==== Supplied data ====

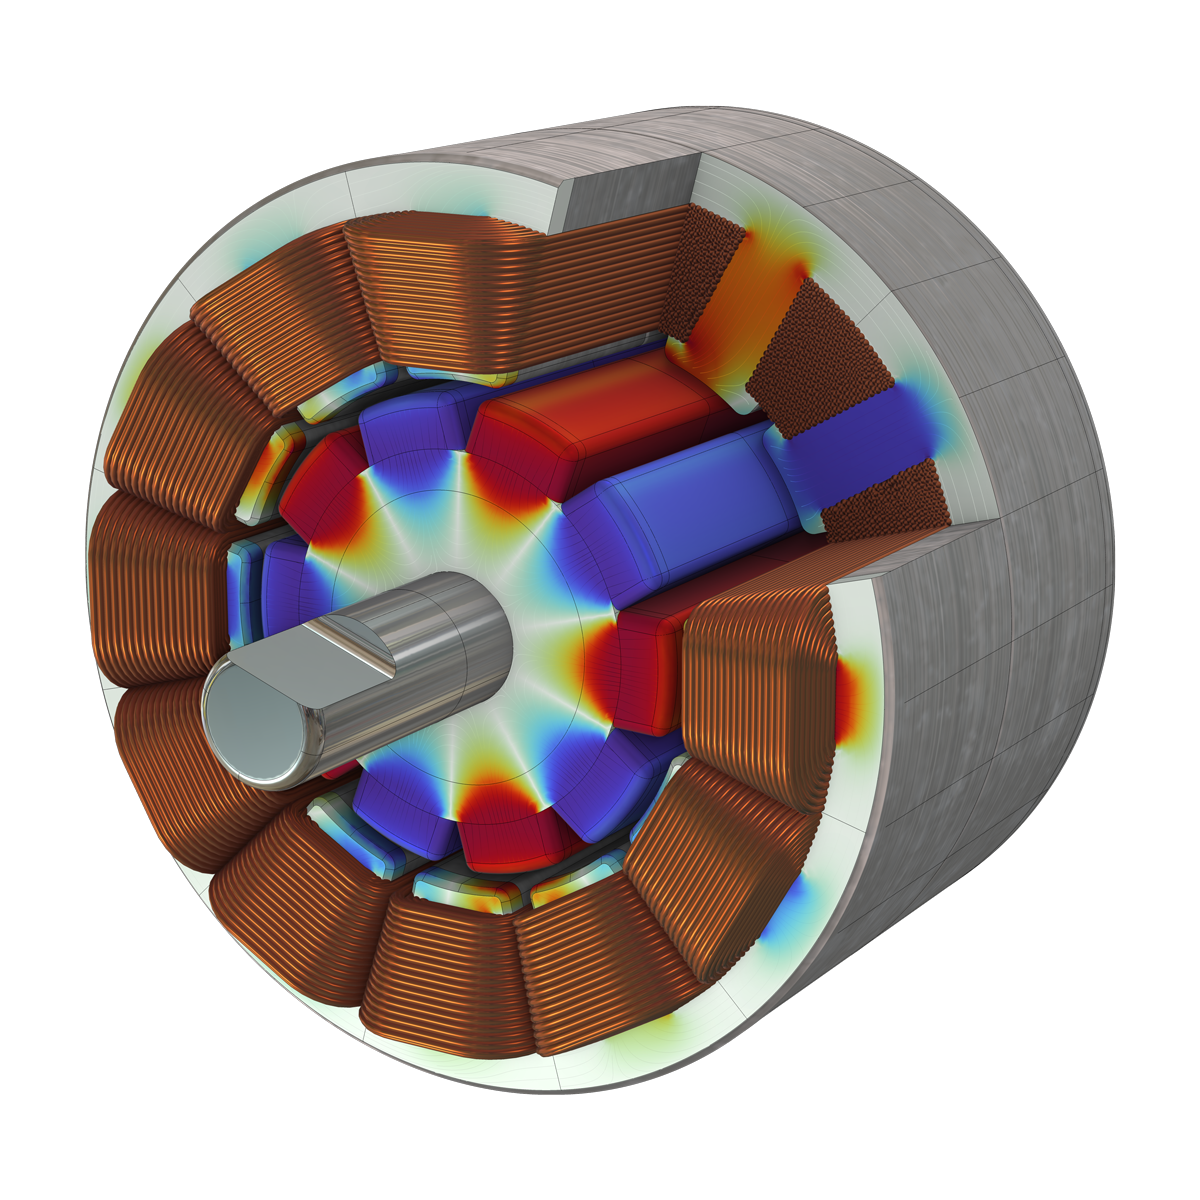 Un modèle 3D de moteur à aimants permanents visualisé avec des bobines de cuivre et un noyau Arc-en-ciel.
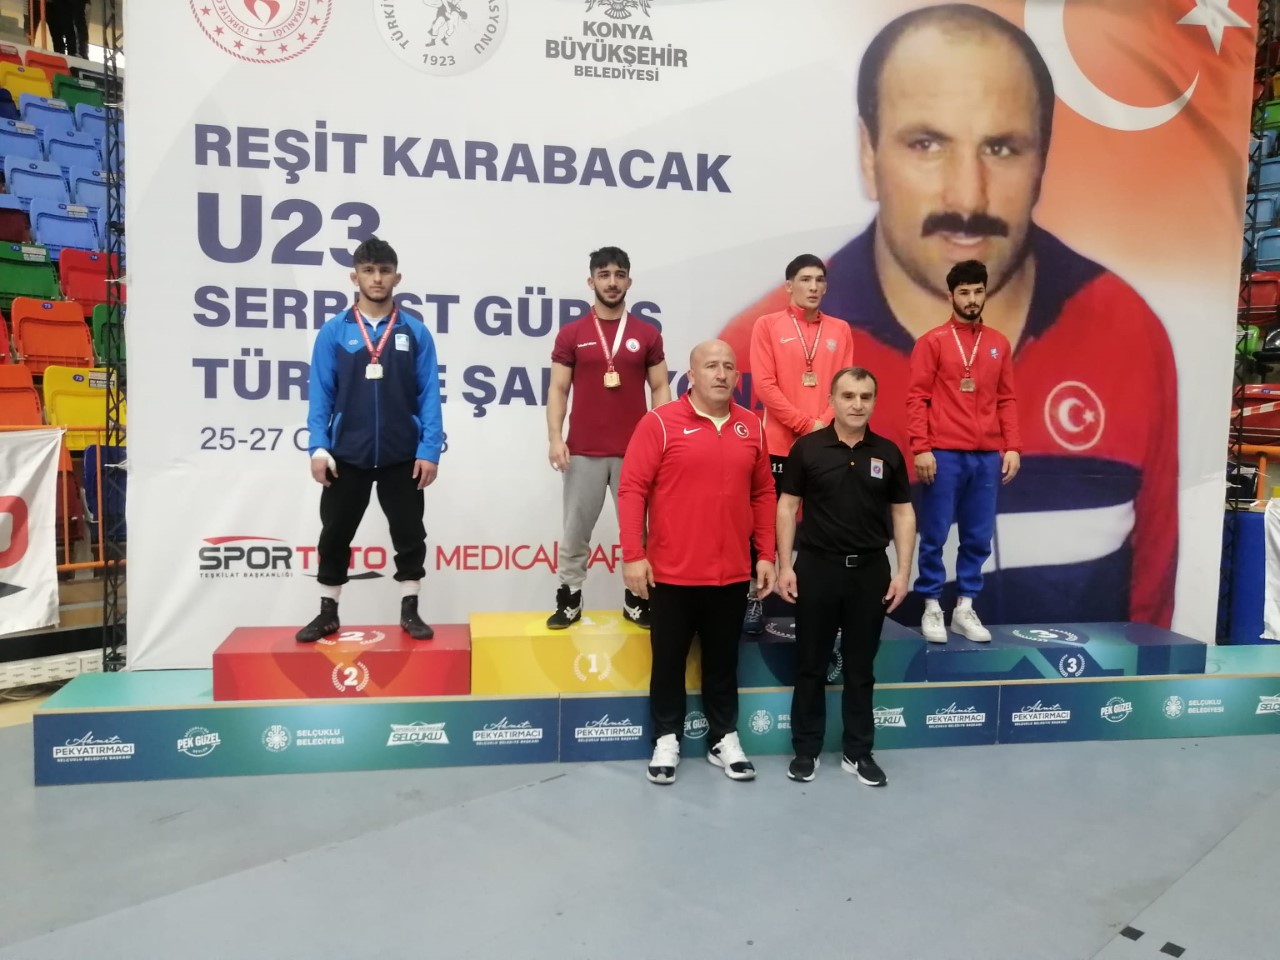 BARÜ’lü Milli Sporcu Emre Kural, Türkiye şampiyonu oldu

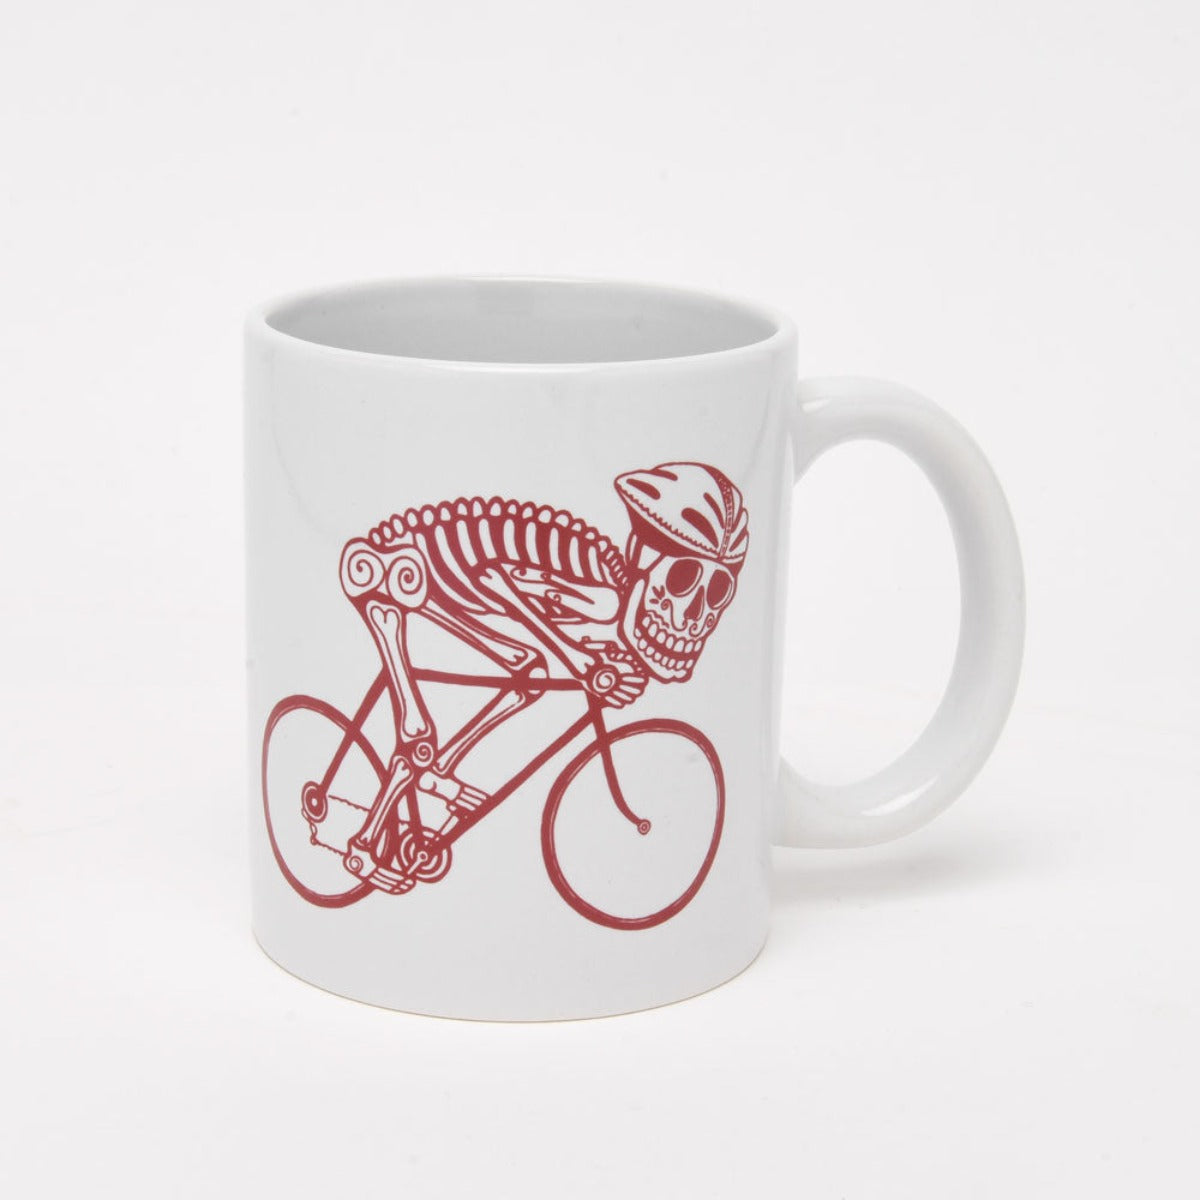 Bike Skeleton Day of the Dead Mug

====
==== Supplied data ====

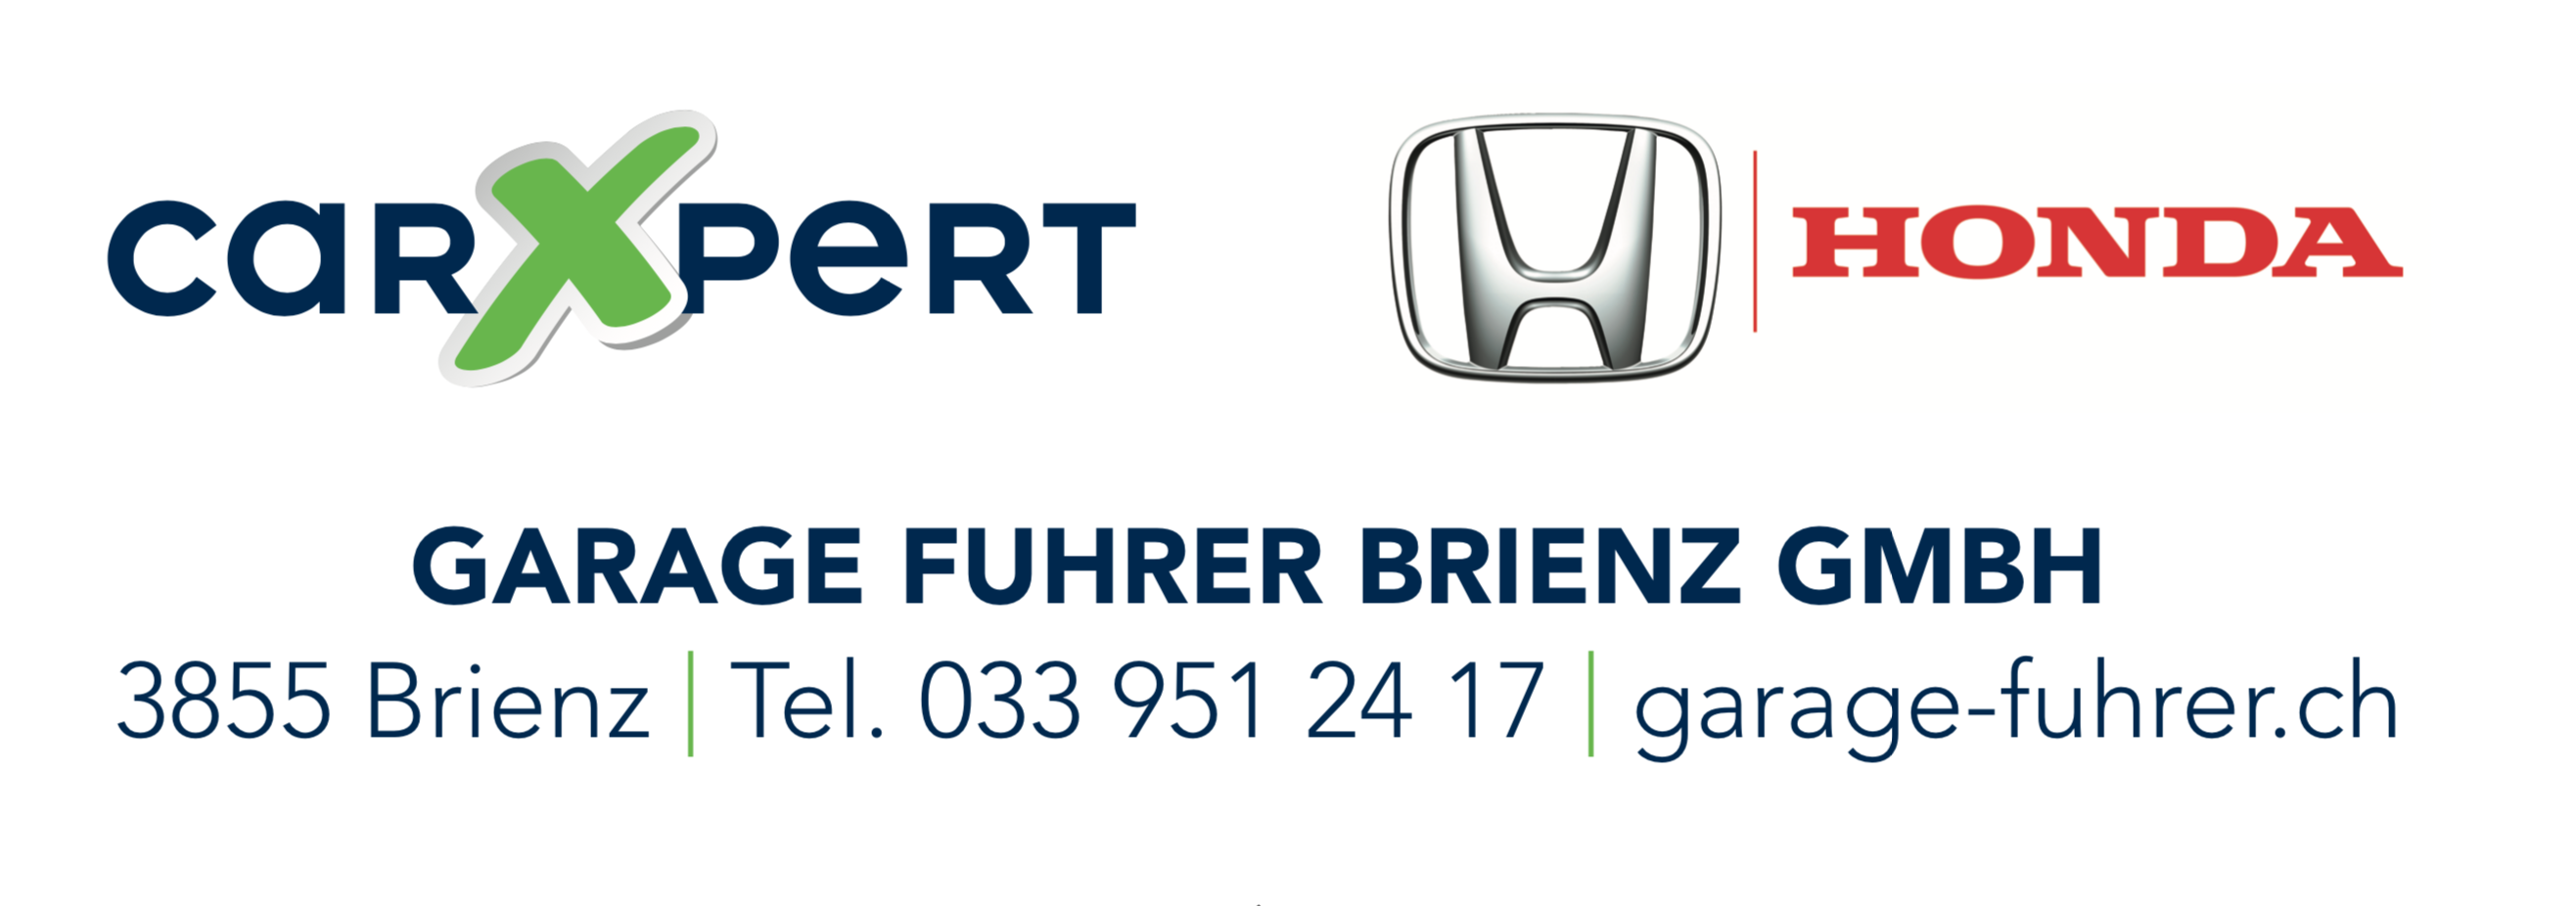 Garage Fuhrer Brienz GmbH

====

▸ **Directions for this task**
When you reach the line with "Un modèle 3D" in the records above, begin repeating the lines exactly, and stop after the line with "Bike Skeleton Day of the Dead Mug". Skip all pictures.

▸ **Task answer**
 Un modèle 3D de moteur à aimants permanents visualisé avec des bobines de cuivre et un noyau Arc-en-ciel.
 BARÜ’lü Milli Sporcu Emre Kural, Türkiye şampiyonu oldu

 Bike Skeleton Day of the Dead Mug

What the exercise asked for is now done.